What you have to do: For this listing, reproduce the line with "Celine Men's Regular T-Shirt", the line with "Sleeping Boy Collective", and the lines between, exactly as they stand. Leave out pictures and all other lines.

Given data:
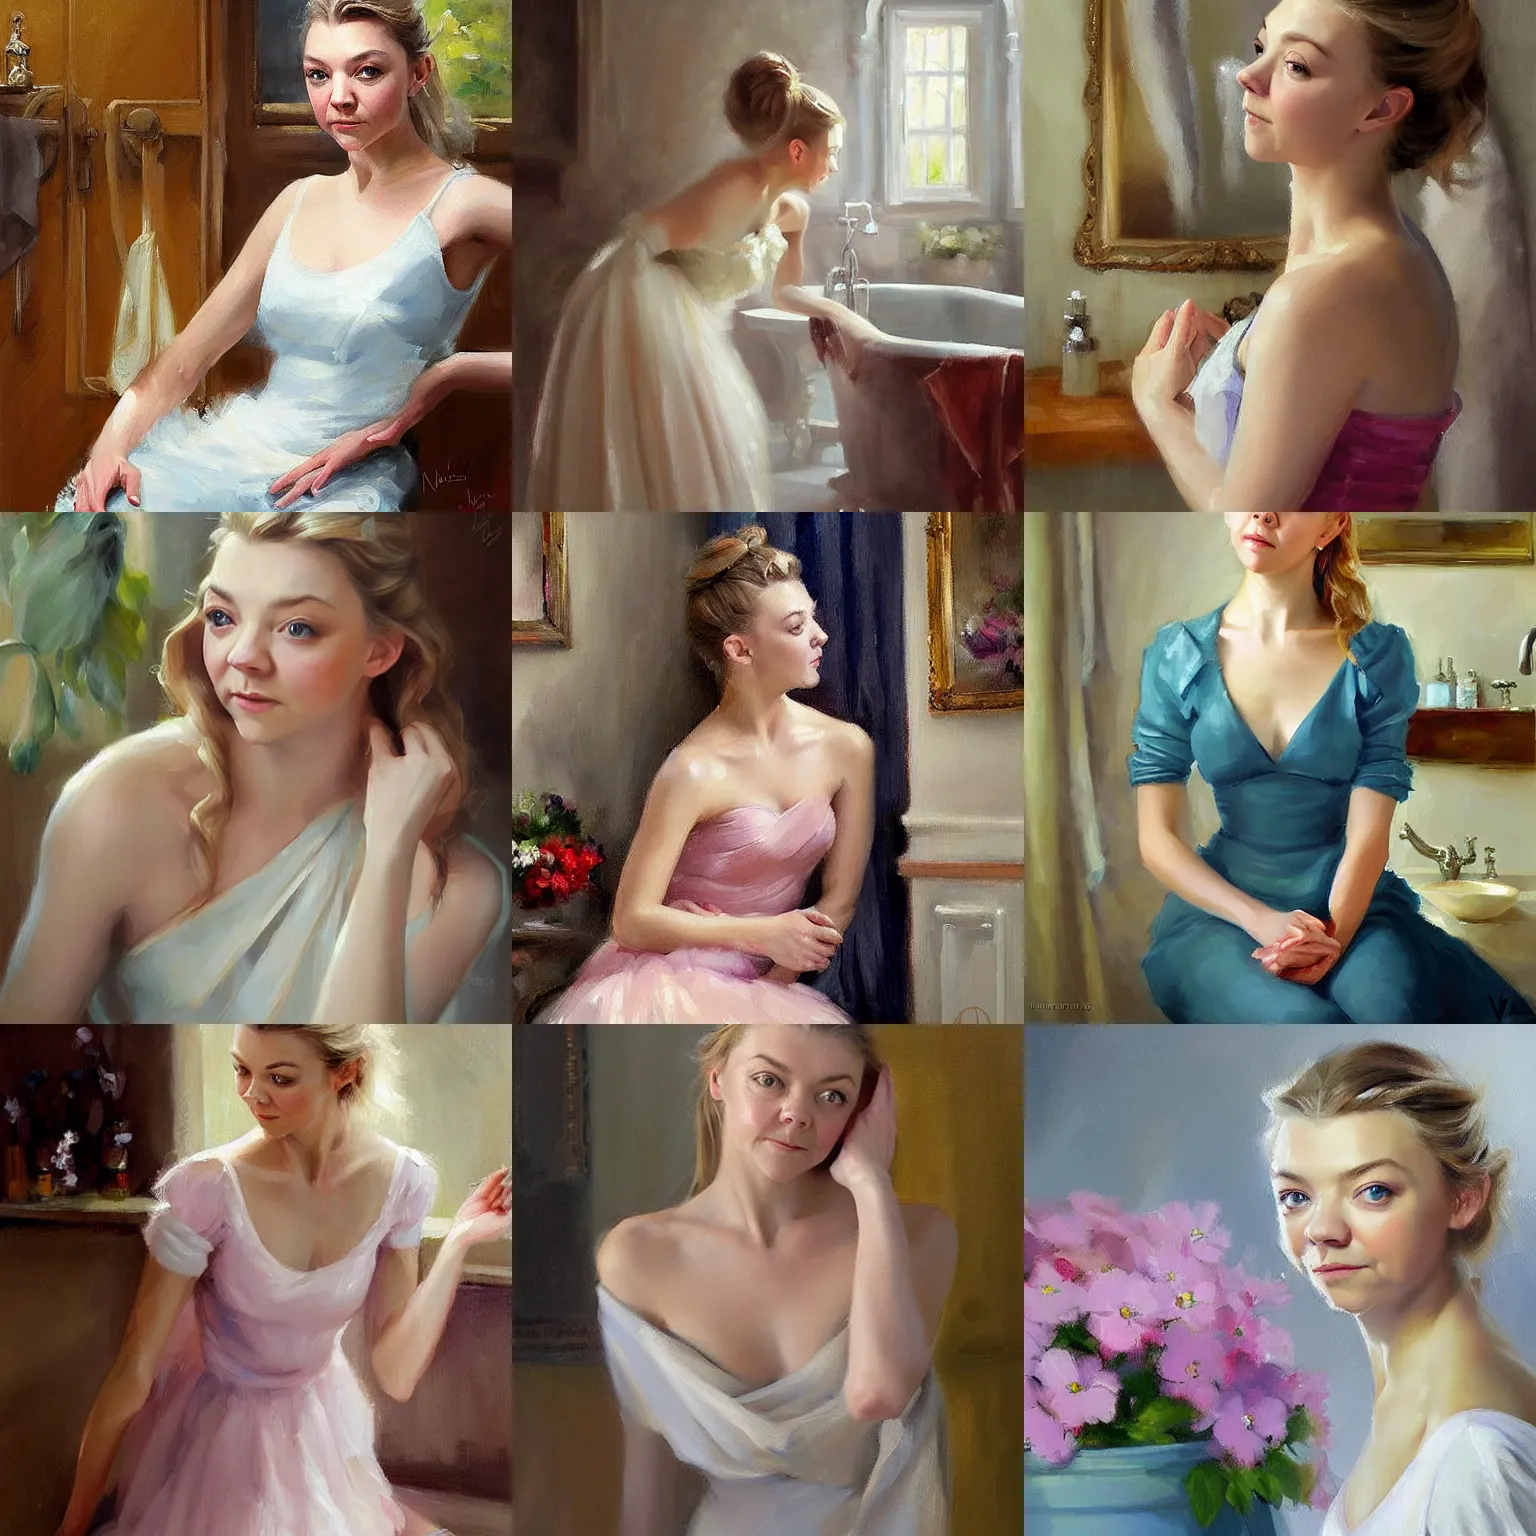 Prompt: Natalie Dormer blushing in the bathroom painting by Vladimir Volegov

---

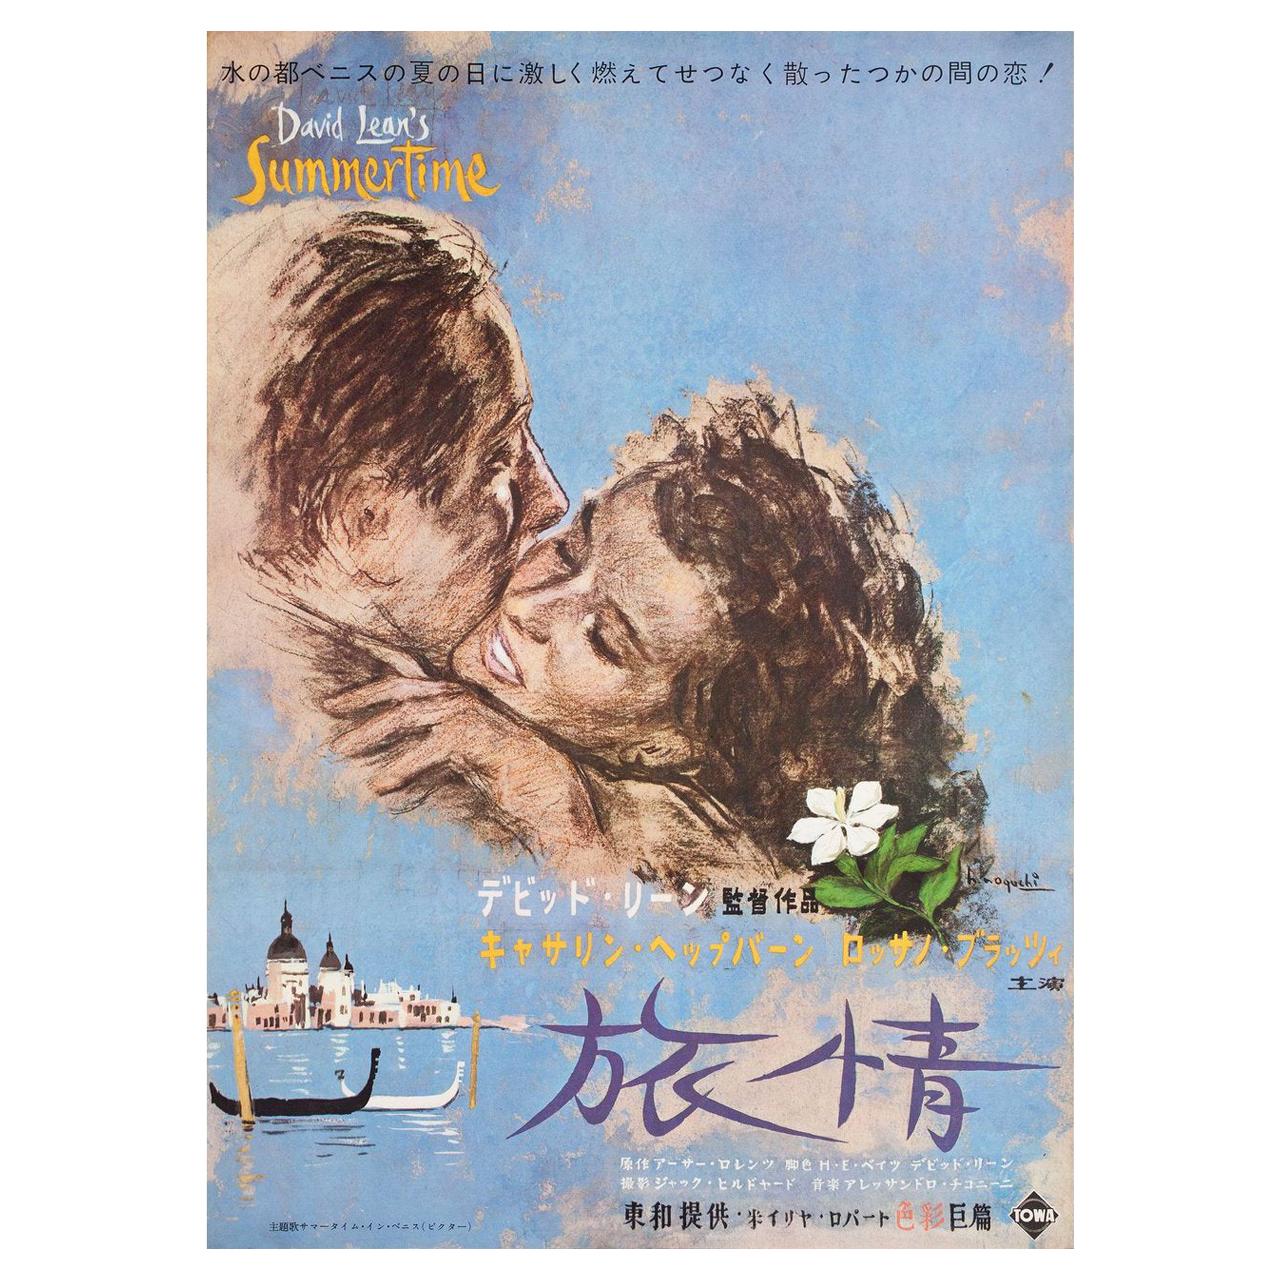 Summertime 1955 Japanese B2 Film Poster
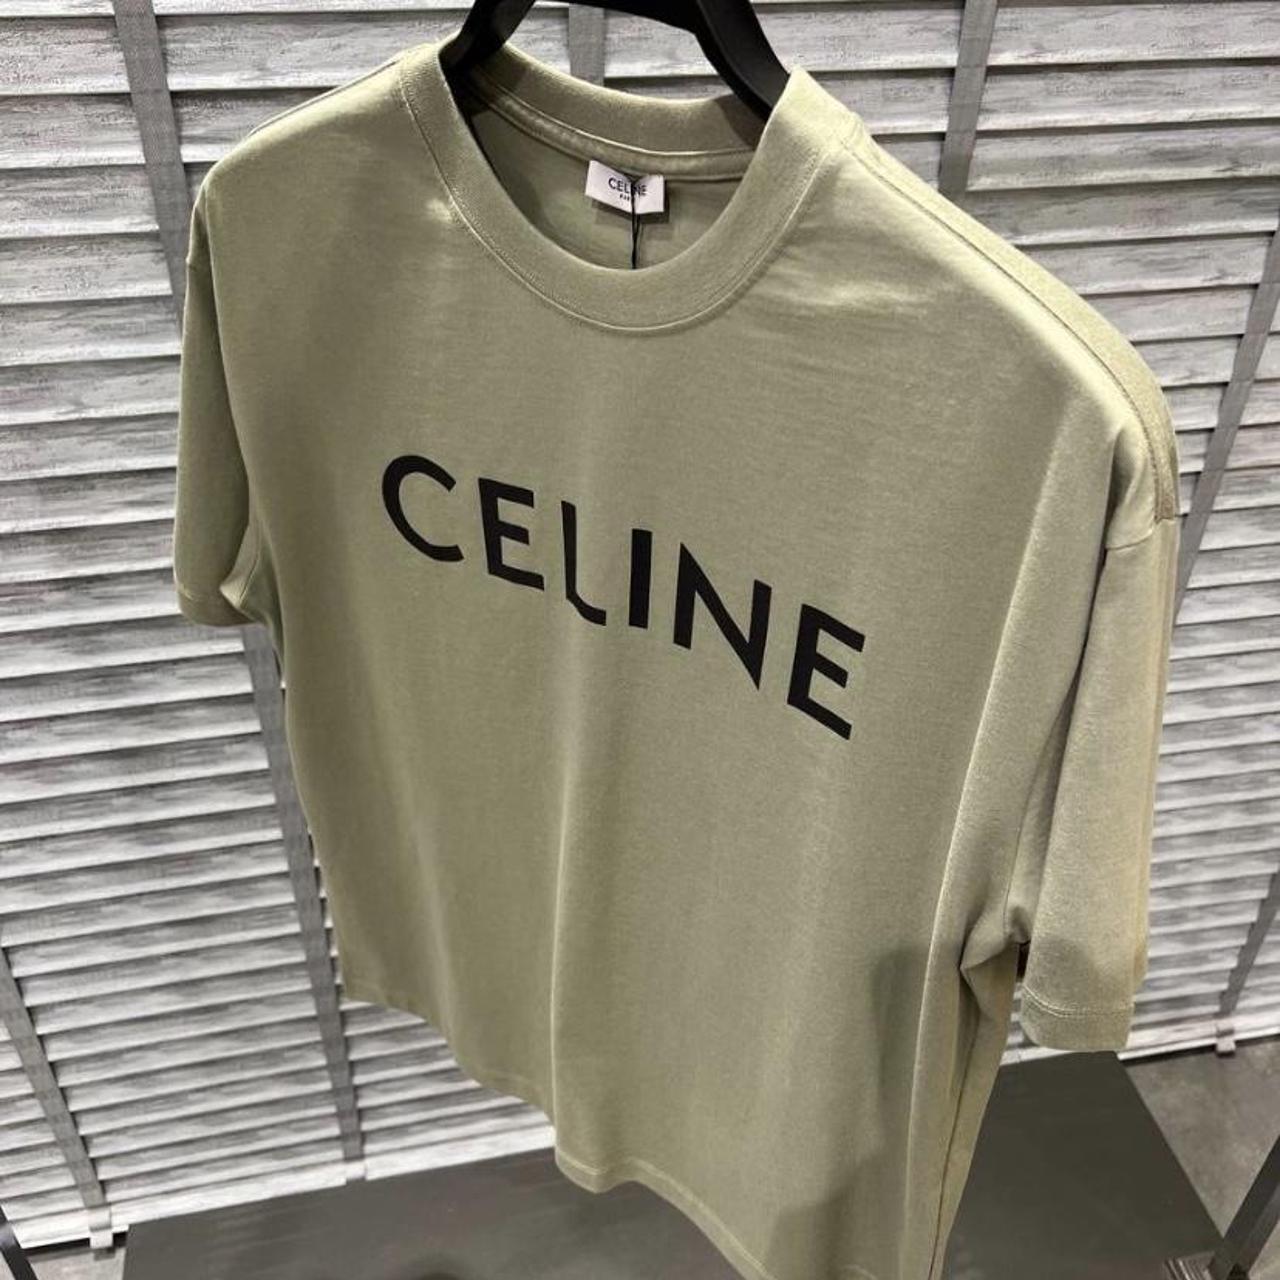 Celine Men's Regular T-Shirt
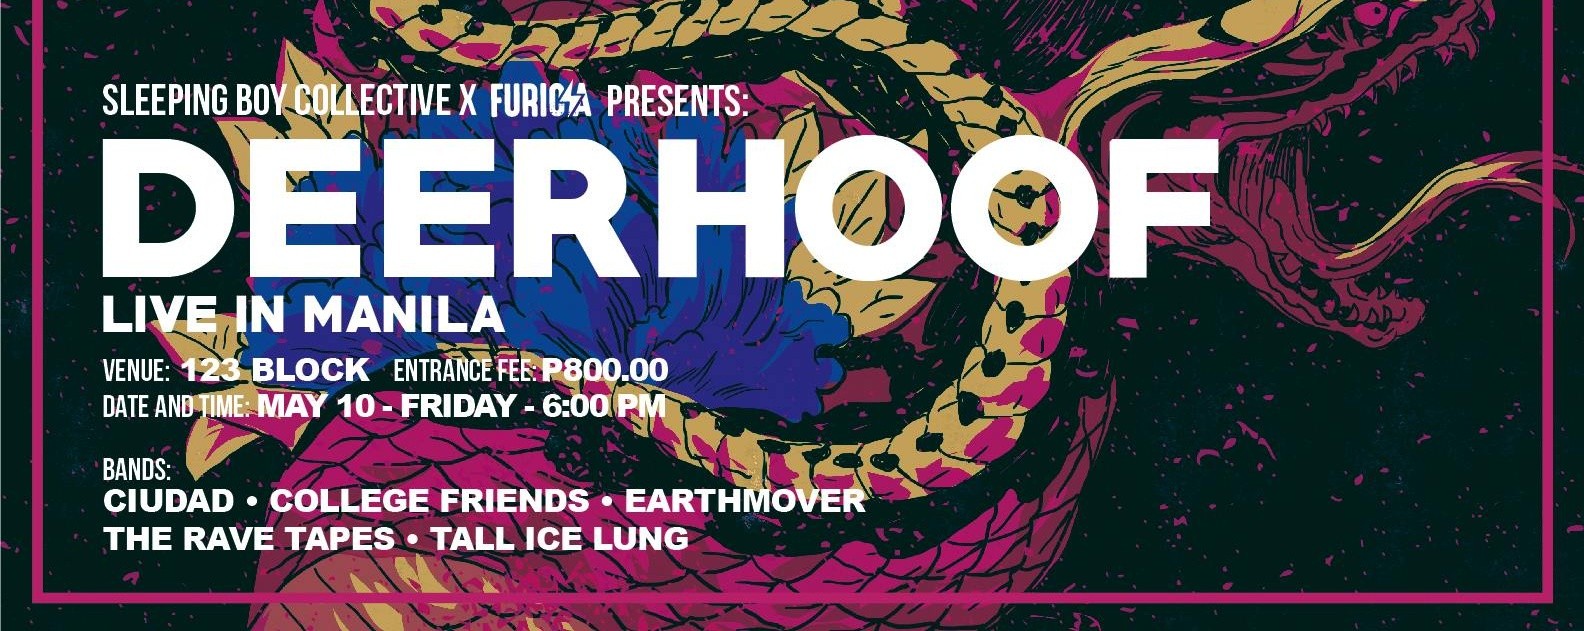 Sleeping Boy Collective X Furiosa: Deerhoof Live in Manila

Problem solution:
 Celine Men's Regular T-Shirt
 Sleeping Boy Collective X Furiosa: Deerhoof Live in Manila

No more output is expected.